«Nicht der Staat legt Preise fest»:
FDP nennt Seehofer «Planwirtschaftsminister»
Das lehnt FDP-Parlamentarier Goldmann entschieden ab. «Wenn die Stromanbieter Sozialtarife unter dem Selbstkostenpreis anbieten müssten, würden sie an anderer Stelle zum Nachteil der Verbraucher oder Wirtschaft wieder draufsatteln», argumentierte Goldmann. Staatliche Preisvorgaben seien also keine Lösung. «Das ist ein Vorschlag eines erfolglos agierenden und nach Öffentlichkeit heischenden Ministers im bayerischen Wahlkampf, der Gott sei dank wieder einmal von den eigenen Parteifreunden unverzüglich gestoppt wurde.»

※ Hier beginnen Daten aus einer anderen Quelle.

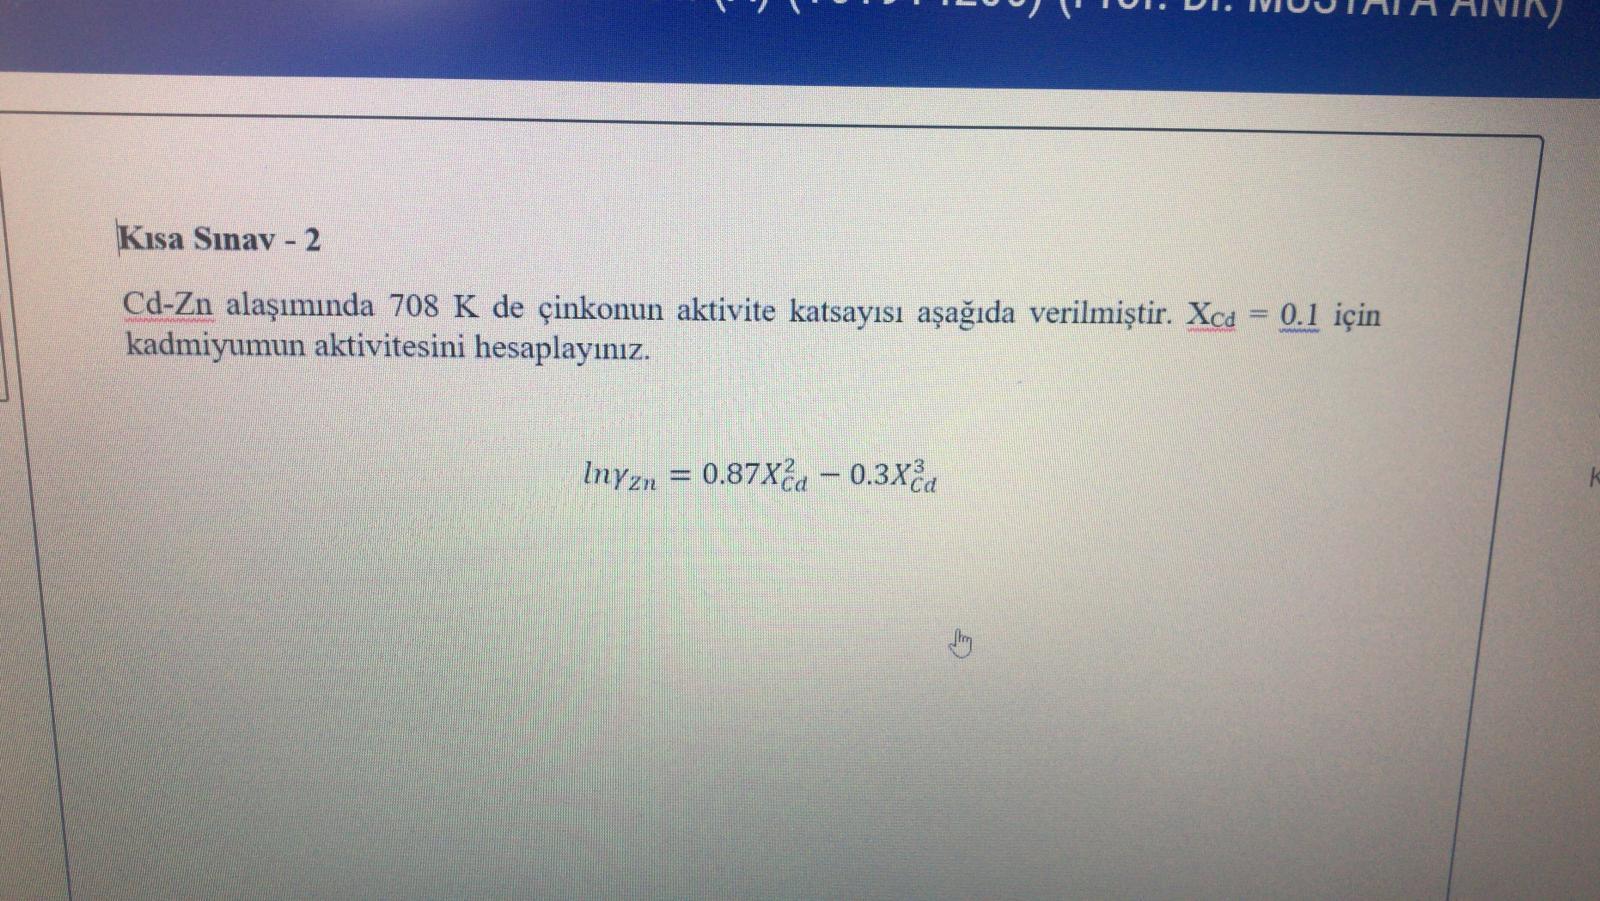 9DE14870-0FD7-4517-A05D-DE01BDCA88EE.jpeg

Seehofers Vorstoß war in der eigenen Partei aber nicht nur auf Widerstand etwa von Generalsekretärin Christine Haderthauer und CSU-Landesgruppenchef Peter Ramsauer gestoßen, sondern auch auf Wohlwollen: Bayerns Ministerpräsident Günther Beckstein sagte, der Vorschlag solle geprüft werden. Gegen eine staatliche Einmischung wandte sich die Energiebranche. Es sei nicht Aufgabe der Unternehmen, verbilligte Tarife für sozial Benachteiligte anzubieten. Für diese sozialpolitische Aufgabe sei der Staat zuständig.
FDP-Experte Goldmann wies darauf hin, dass der Staat selbst der größte Preistreiber bei Energie sei. Das verschweige Seehofer «ganz bewusst». Der Minister und die CSU hätten hier keine Entlastungen für Verbraucher und Wirtschaft vorzuweisen. Im Gegenteil: Die Christsozialen hätten seit dem Regierungsantritt bei zahlreichen Steuergesetzen und -tatbeständen zugestimmt. «Offensichtlich möchte der Bundesverbraucherminister von dieser schlechten Leistungsbilanz und der mangelnden Durchsetzungsfähigkeit der CSU in der Koalition ablenken», so Goldmanns Fazit.